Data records
◆ ◆ ◆ ◆ ◆ ◆ ◆
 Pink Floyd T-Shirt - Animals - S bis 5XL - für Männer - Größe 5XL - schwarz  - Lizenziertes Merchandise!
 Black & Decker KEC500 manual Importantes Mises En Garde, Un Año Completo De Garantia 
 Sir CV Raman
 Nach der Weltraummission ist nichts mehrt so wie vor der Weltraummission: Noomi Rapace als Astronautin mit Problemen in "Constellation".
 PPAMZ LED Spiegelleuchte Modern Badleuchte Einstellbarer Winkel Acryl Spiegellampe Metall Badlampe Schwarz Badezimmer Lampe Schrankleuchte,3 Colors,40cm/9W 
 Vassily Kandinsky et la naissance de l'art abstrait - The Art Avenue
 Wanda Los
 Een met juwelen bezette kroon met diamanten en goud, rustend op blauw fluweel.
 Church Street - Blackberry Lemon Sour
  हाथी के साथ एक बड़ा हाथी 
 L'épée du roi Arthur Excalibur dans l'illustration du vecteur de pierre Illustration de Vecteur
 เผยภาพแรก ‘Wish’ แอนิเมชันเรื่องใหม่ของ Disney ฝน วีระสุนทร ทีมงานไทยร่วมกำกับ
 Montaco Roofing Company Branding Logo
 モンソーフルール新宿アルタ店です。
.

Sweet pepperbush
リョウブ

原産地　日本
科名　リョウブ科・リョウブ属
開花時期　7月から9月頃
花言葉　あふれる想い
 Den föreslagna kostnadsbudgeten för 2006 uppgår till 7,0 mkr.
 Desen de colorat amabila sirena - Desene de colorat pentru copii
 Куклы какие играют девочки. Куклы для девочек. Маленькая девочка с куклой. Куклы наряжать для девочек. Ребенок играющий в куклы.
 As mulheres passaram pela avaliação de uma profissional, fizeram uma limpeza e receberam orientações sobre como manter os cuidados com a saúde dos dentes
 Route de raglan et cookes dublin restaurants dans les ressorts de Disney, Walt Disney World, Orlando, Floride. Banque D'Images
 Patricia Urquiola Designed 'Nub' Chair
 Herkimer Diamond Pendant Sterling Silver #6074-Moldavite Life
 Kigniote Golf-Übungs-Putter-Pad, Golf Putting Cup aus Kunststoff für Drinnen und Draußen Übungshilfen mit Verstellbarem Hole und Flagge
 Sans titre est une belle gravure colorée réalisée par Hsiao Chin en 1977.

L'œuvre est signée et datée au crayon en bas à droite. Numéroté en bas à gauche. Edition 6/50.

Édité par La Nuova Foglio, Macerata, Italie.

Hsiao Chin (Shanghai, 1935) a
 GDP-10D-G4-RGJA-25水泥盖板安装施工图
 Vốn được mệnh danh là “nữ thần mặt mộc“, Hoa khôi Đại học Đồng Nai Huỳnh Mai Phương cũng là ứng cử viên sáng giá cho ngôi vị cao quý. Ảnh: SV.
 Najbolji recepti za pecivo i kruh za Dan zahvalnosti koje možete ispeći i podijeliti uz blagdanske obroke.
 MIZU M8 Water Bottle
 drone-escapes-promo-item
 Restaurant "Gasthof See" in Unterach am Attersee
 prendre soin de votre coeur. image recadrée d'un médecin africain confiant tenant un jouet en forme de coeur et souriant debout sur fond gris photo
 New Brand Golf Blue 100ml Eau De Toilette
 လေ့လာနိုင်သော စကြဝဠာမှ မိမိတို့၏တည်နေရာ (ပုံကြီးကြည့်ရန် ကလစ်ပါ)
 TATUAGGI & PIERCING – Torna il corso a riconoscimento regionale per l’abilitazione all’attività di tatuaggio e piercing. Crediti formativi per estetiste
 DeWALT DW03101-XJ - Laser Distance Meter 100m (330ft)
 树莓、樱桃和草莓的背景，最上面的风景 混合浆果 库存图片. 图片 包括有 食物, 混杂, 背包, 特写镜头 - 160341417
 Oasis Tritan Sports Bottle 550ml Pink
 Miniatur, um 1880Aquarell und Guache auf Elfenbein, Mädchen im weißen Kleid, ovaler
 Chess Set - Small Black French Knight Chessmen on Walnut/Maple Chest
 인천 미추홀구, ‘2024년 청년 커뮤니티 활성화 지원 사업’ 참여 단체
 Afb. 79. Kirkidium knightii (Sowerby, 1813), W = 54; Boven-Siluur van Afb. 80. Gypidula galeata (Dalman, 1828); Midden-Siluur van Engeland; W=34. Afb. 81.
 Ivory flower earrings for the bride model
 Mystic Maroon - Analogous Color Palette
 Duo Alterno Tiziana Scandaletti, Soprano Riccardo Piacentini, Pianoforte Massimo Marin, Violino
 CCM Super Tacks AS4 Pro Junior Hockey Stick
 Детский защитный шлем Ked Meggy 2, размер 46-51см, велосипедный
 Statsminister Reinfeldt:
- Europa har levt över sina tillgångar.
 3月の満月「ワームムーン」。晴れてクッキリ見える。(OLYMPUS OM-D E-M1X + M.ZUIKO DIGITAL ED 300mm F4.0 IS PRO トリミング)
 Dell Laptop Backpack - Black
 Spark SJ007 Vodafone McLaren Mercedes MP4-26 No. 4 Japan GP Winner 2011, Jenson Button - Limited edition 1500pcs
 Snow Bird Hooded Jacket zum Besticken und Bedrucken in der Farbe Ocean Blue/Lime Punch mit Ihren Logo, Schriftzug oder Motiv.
◆ ◆ ◆ ◆ ◆ ◆ ◆
Write out, without alteration, the line that contains "Mystic Maroon - Analogous Color Palette" and all subsequent lines down to the end of the data above.

 Mystic Maroon - Analogous Color Palette
 Duo Alterno Tiziana Scandaletti, Soprano Riccardo Piacentini, Pianoforte Massimo Marin, Violino
 CCM Super Tacks AS4 Pro Junior Hockey Stick
 Детский защитный шлем Ked Meggy 2, размер 46-51см, велосипедный
 Statsminister Reinfeldt:
- Europa har levt över sina tillgångar.
 3月の満月「ワームムーン」。晴れてクッキリ見える。(OLYMPUS OM-D E-M1X + M.ZUIKO DIGITAL ED 300mm F4.0 IS PRO トリミング)
 Dell Laptop Backpack - Black
 Spark SJ007 Vodafone McLaren Mercedes MP4-26 No. 4 Japan GP Winner 2011, Jenson Button - Limited edition 1500pcs
 Snow Bird Hooded Jacket zum Besticken und Bedrucken in der Farbe Ocean Blue/Lime Punch mit Ihren Logo, Schriftzug oder Motiv.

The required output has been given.